Metroyla okula gitmekten yürüyerek sinemaya gitmeye kadar Japon çocukları pek çok şeyi erken yaşta kendi başlarına yapıyorlar.

Çocuk haklarını ön planda tutan İsveçliler, çocukları istedikleri takdirde birlikte uyuyorlar.

Her ne kadar bize çok uzak bir kavram üzere görünse de, çocuğu istediği takdirde birlikte uyumayan ebeveyn ihmalkar olarak görülüyor.

Bebeklerini kucaklarından indirmeyen ve fizikî olarak daima bağlantı halinde olan Koreliler, ikinci aydan itibaren bebeklerine İngilizce öğretmeye çalışıyorlar.

Akademik eğitime kıymet veren Koreli anneler bebeklerine İngilizce kayıtlar dinletiyorlar.
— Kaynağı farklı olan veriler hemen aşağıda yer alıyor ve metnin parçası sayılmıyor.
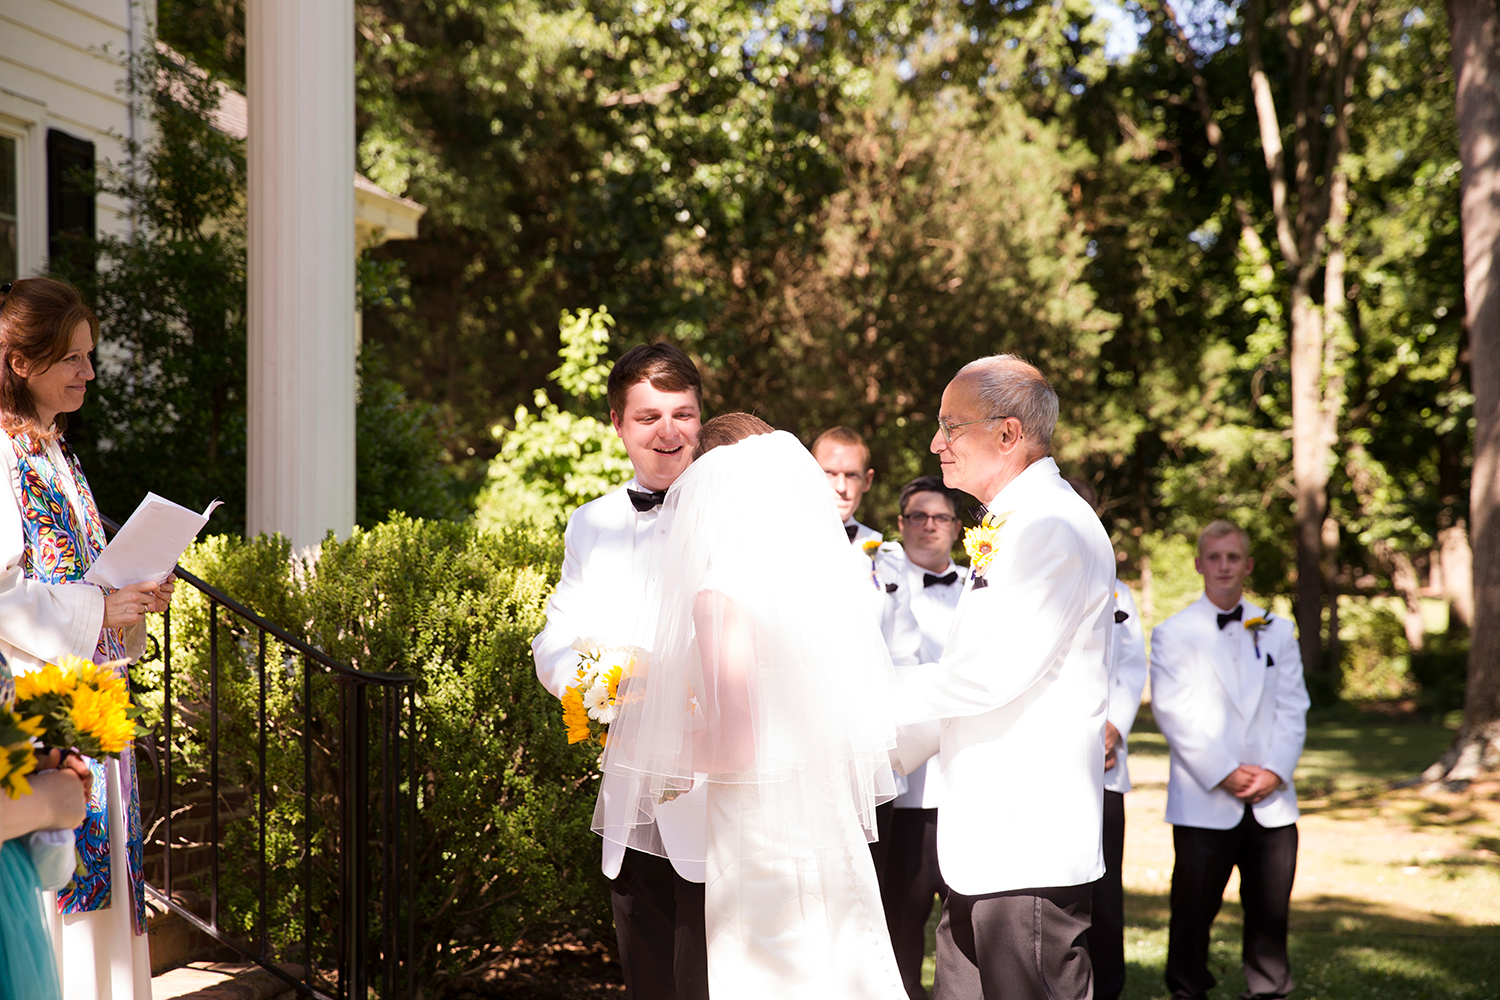 Summer Wedding at The Virginia Cliffe Inn - Image Property of www.j-dphoto.com

Muvaffakiyete saplantısı olan Amerikalılar, çocuklarının potansiyelini azamiye çıkarabilmek için çok fazla baskı uyguluyorlar.

Bilhassa çocuklarının yeteneklerinin üzerine giden Amerikalı anne ve babalar, başarısız olmaktan korkuyorlar.

Çocuklarını zorlamamayı tercih eden Hollandalılar, nizamlı uyku ve yemeği ön planda tutuyorlar.

Okula gitmeden evvel çocuklarının okuma-yazma öğrenmesini istemeyen ve bunun mutsuz edeceğini düşünen Hollandalı anne ve babalar için çocuğun günlük rutini daha değerli...

Çocuklarıyla daha fazla vakit geçirmek isteyen İspanyollar, onları tüm dünyadaki kanının tersine geç yatırıyorlar.

Çocuklarının toplumsal istikametten güçlü olmasını istedikleri için birlikte vakit geçirmeye çok değer veriyorlar.

Avrupa kültürünün tesirinde ağır olarak kalan Arjantinliler, çocuklarıyla birlikte yemeğe oturmaya ve bir arada yemek yemeye çok değer veriyorlar.

O denli ki, bunun için uyku saatini bile önemsemiyorlar. Herkesin bir ortada olduğu uzun akşam yemekleriyle çocuklarına ailenin kıymetini öğretiyorlar.

Farklı öğrenme metotları deneyen Vietnamlılar, çocuklarına tuvalet eğitimini ıslık sesiyle veriyorlar.

"Nasıl?" dediğinizi duyar üzereyiz. Pavlov'un yaptığı deneyi hatırlarsınız, tek fark burada anne-babalar ve tuvalet alıştırması olmayan bebekler var. Bebeğinin çiş yapacağını fark eden anne-baba ıslık çalıyor ve kısa mühlet sonra bebek bu sesle çiş yapması gerektiğini anlıyor. Ya...

Bebeklerine "Patron sensin" bildirisini vermeyi istemeyen Kenyalılar, onların mızıldanmalarına aldırmıyorlar ve bu anlarda göz teması kurmaktan kaçınıyorlar.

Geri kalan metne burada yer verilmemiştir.